According to NVIDIA, the Blackwell Ultra family boasts up to 15 petaFLOPS of dense 4-bit floating-point performance and up to 288 GB of HBM3e memory per chip. This is particularly significant for AI inference, which is primarily a memory-bound workload—the more memory available, the larger the model that can be served. Ian Buck, NVIDIA's VP of hyperscale and HPC, claims the Blackwell Ultra will enable reasoning models to be served at 10x the throughput of the previous Hopper generation, reducing response times from over a minute to as little as ten seconds.

NVIDIA faces growing competition from AMD, which recently launched its MI300 series for AI workloads and has gained adoption from companies looking for alternatives amid NVIDIA's supply constraints. In 2025, AMD announced the acquisition of AI hardware and software engineers from Untether AI to strengthen its inference capabilities. Amazon is also demonstrating ambitions to control the entire AI infrastructure stack with its Graviton4 and Project Rainier's Trainium chips, successfully training major AI models like Claude 4 on non-NVIDIA hardware.

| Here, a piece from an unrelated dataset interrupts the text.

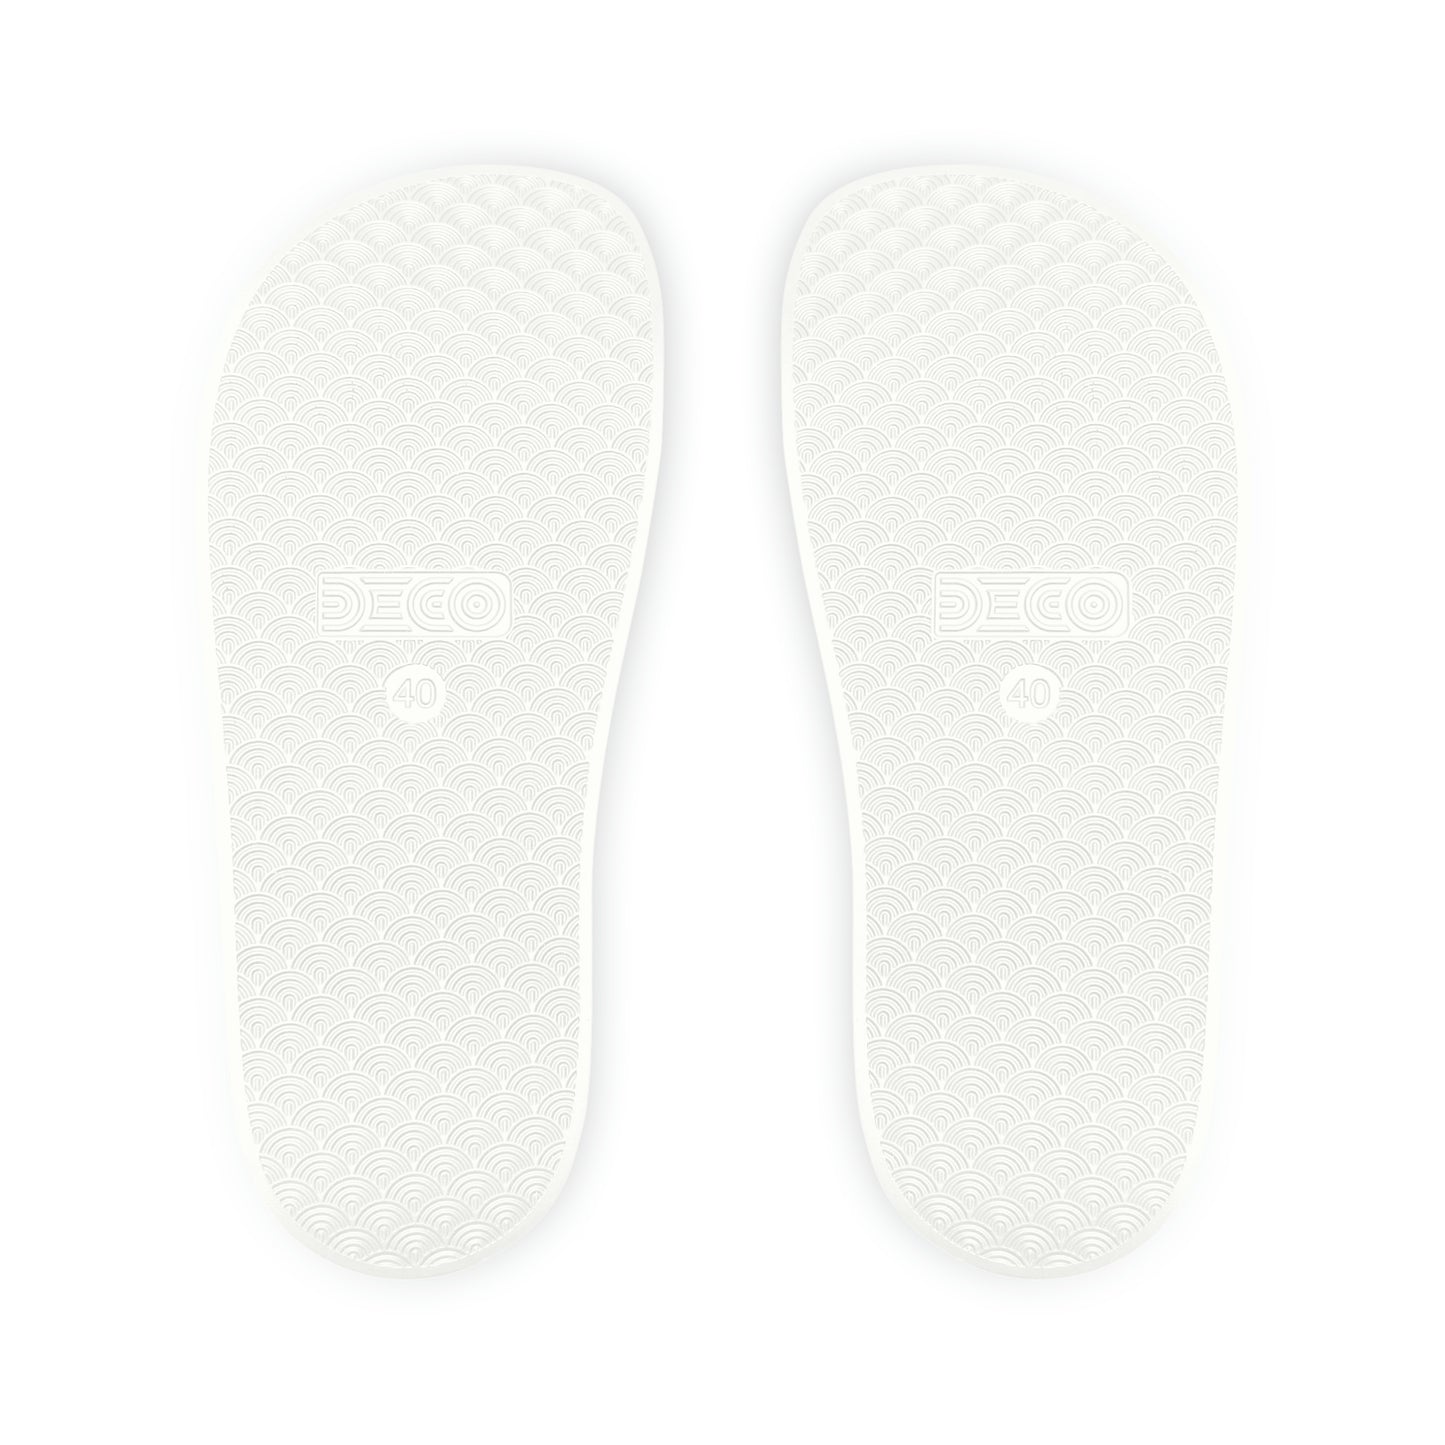 Slide Sandals - White
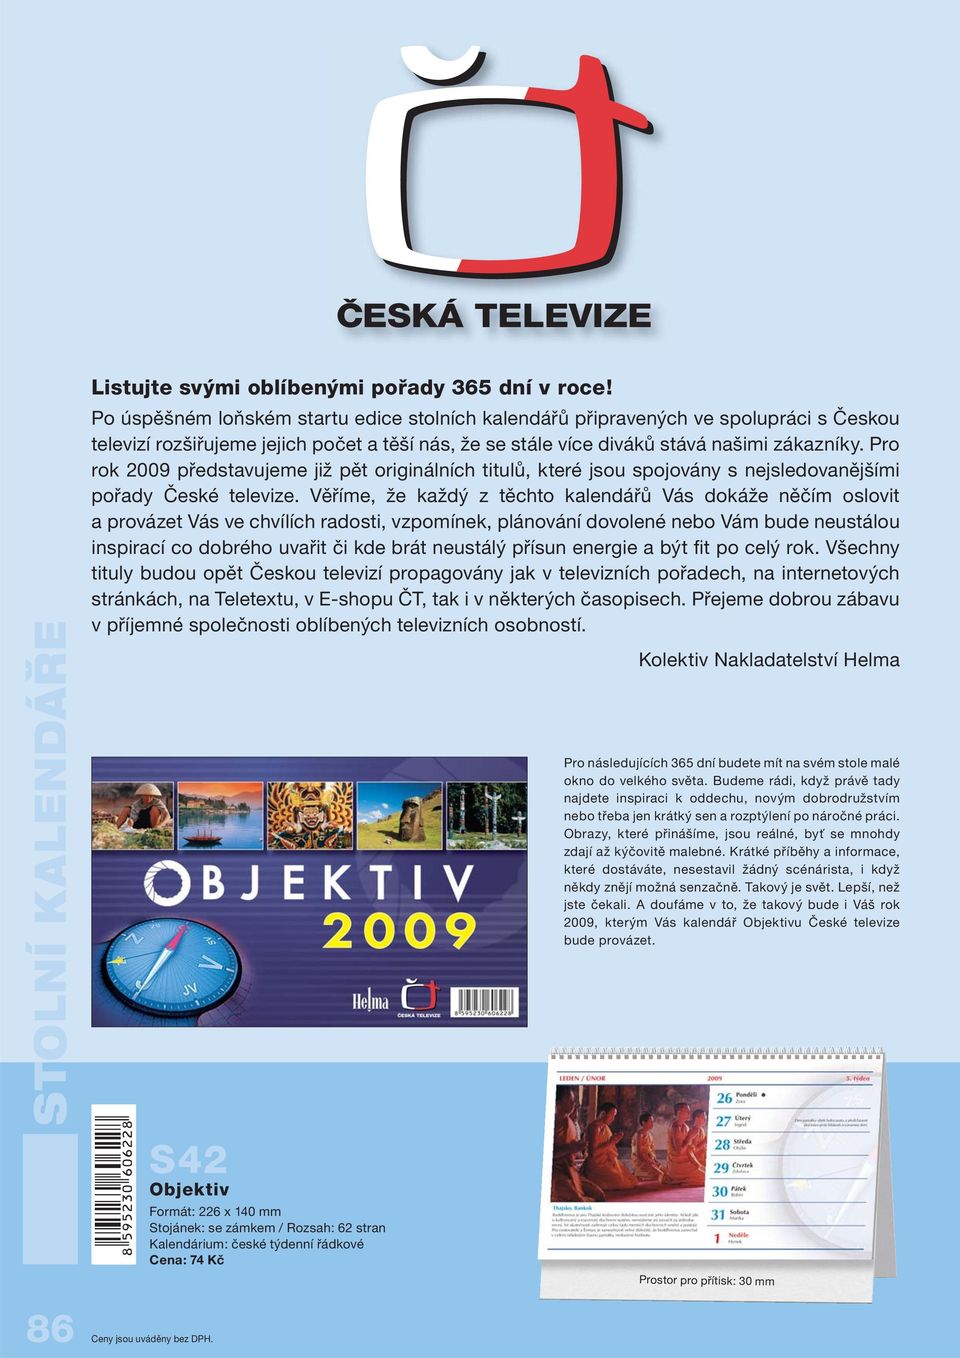 Pro rok 2009 představujeme již pět originálních titulů, které jsou spojovány s nejsledovanějšími pořady České televize.

Despite these challenges, analysts project NVIDIA's data center sales to grow to $200 billion in 2025, maintaining approximately 80-85% market share in the near term. The company's strategy with Blackwell Ultra appears focused on securing its position in the inference market while continuing to innovate in training capabilities, potentially changing the assumption that top AI models must rely exclusively on NVIDIA hardware.